▸ INPUT DATA
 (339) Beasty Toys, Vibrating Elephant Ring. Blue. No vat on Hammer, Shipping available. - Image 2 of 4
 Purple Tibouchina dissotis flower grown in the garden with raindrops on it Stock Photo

---

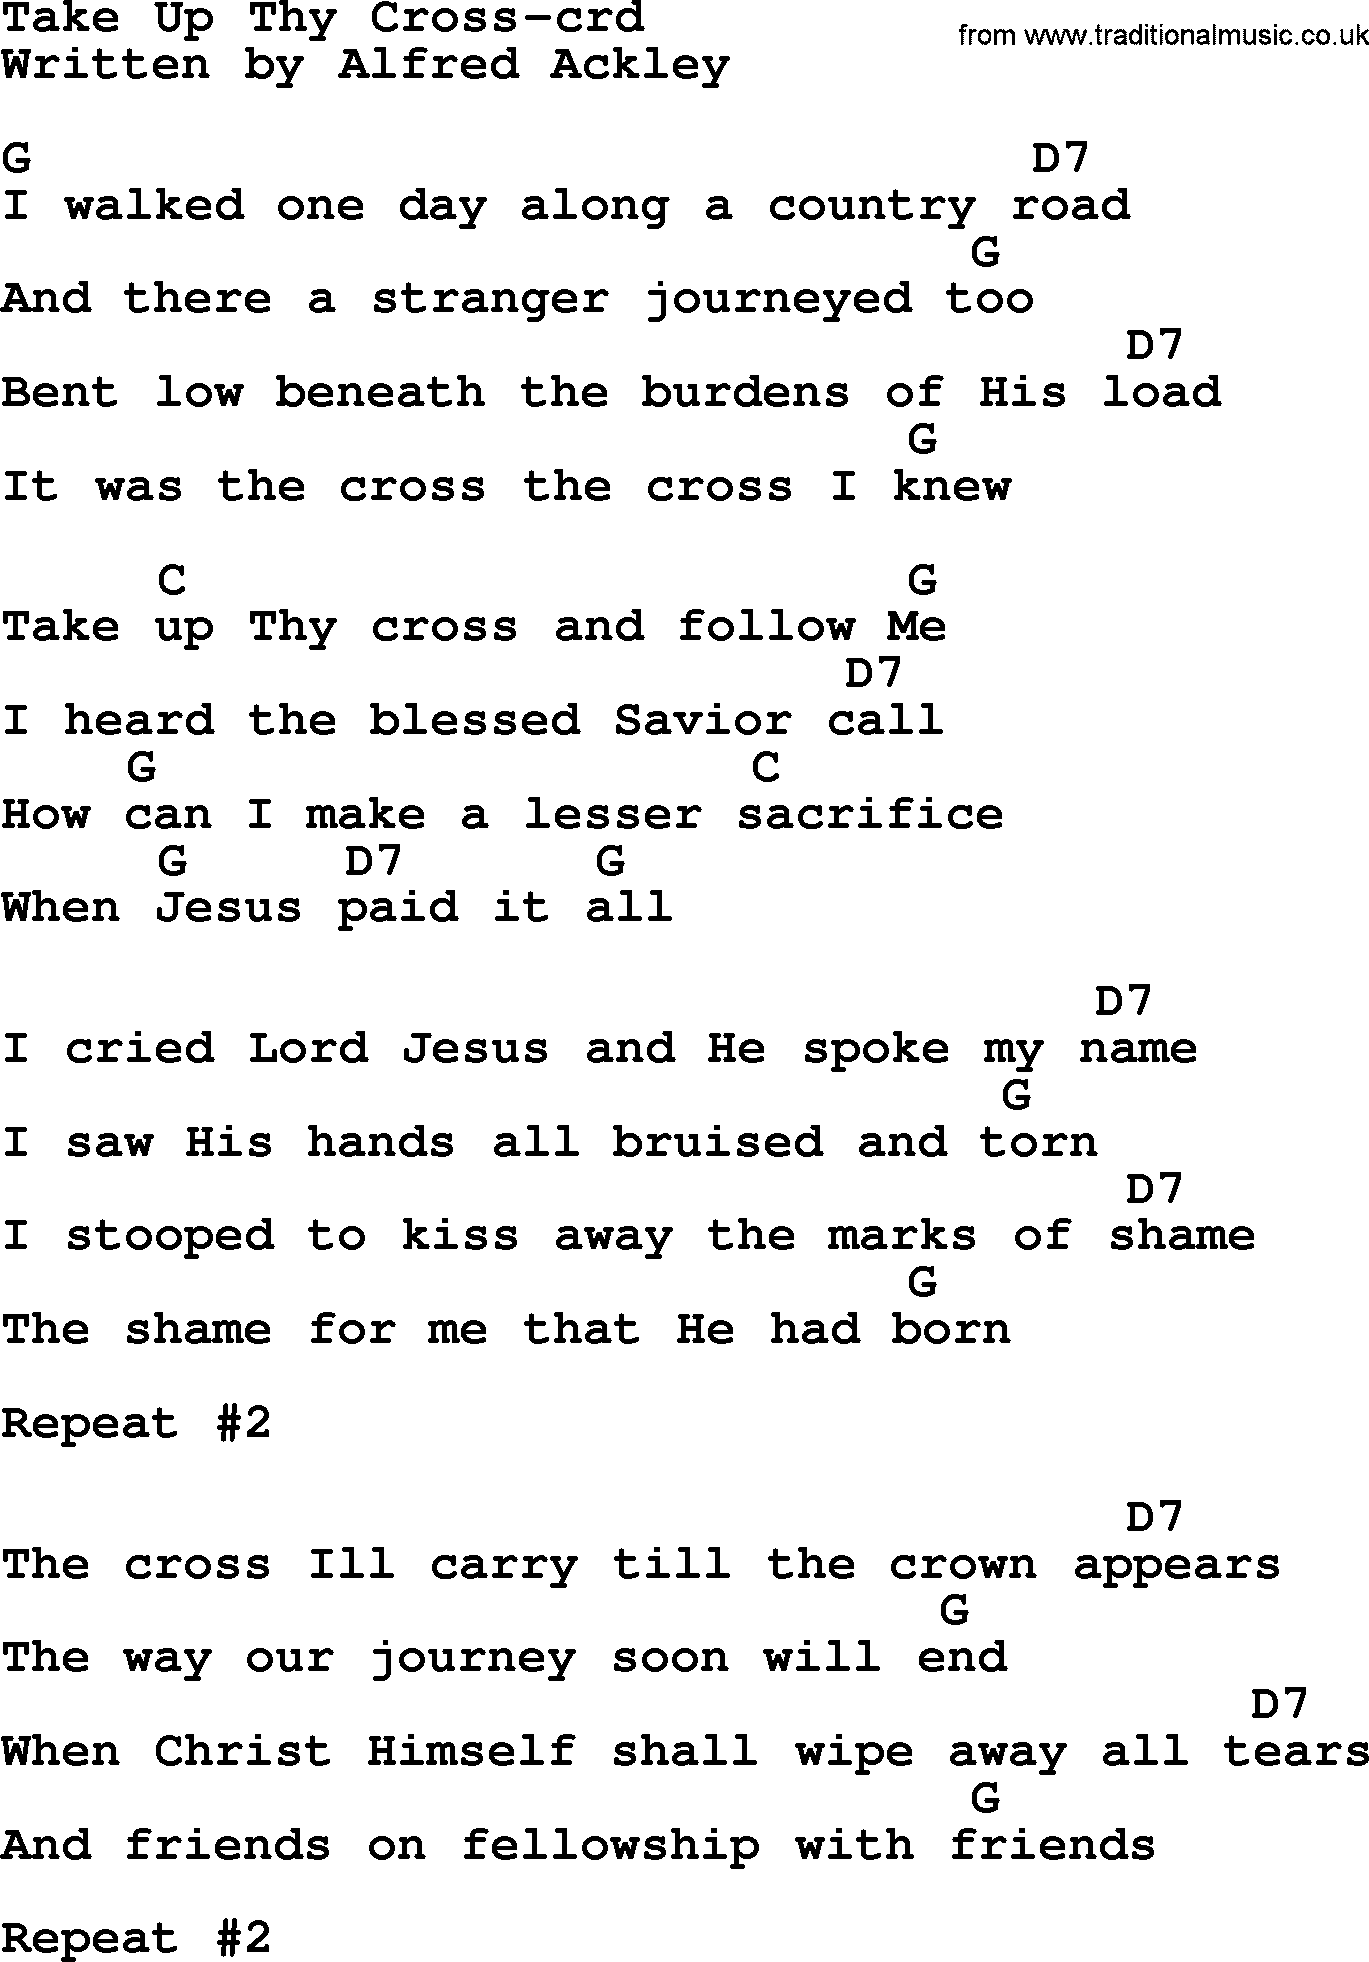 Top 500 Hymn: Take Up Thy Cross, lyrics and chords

▸ TASK PROMPT
Within the listing above, give again exactly every line from the line with "(339) Beasty Toys, Vibrating" through the line with "Purple Tibouchina dissotis", both included, and no other line.

▸ ANSWER SPACE
 (339) Beasty Toys, Vibrating Elephant Ring. Blue. No vat on Hammer, Shipping available. - Image 2 of 4
 Purple Tibouchina dissotis flower grown in the garden with raindrops on it Stock Photo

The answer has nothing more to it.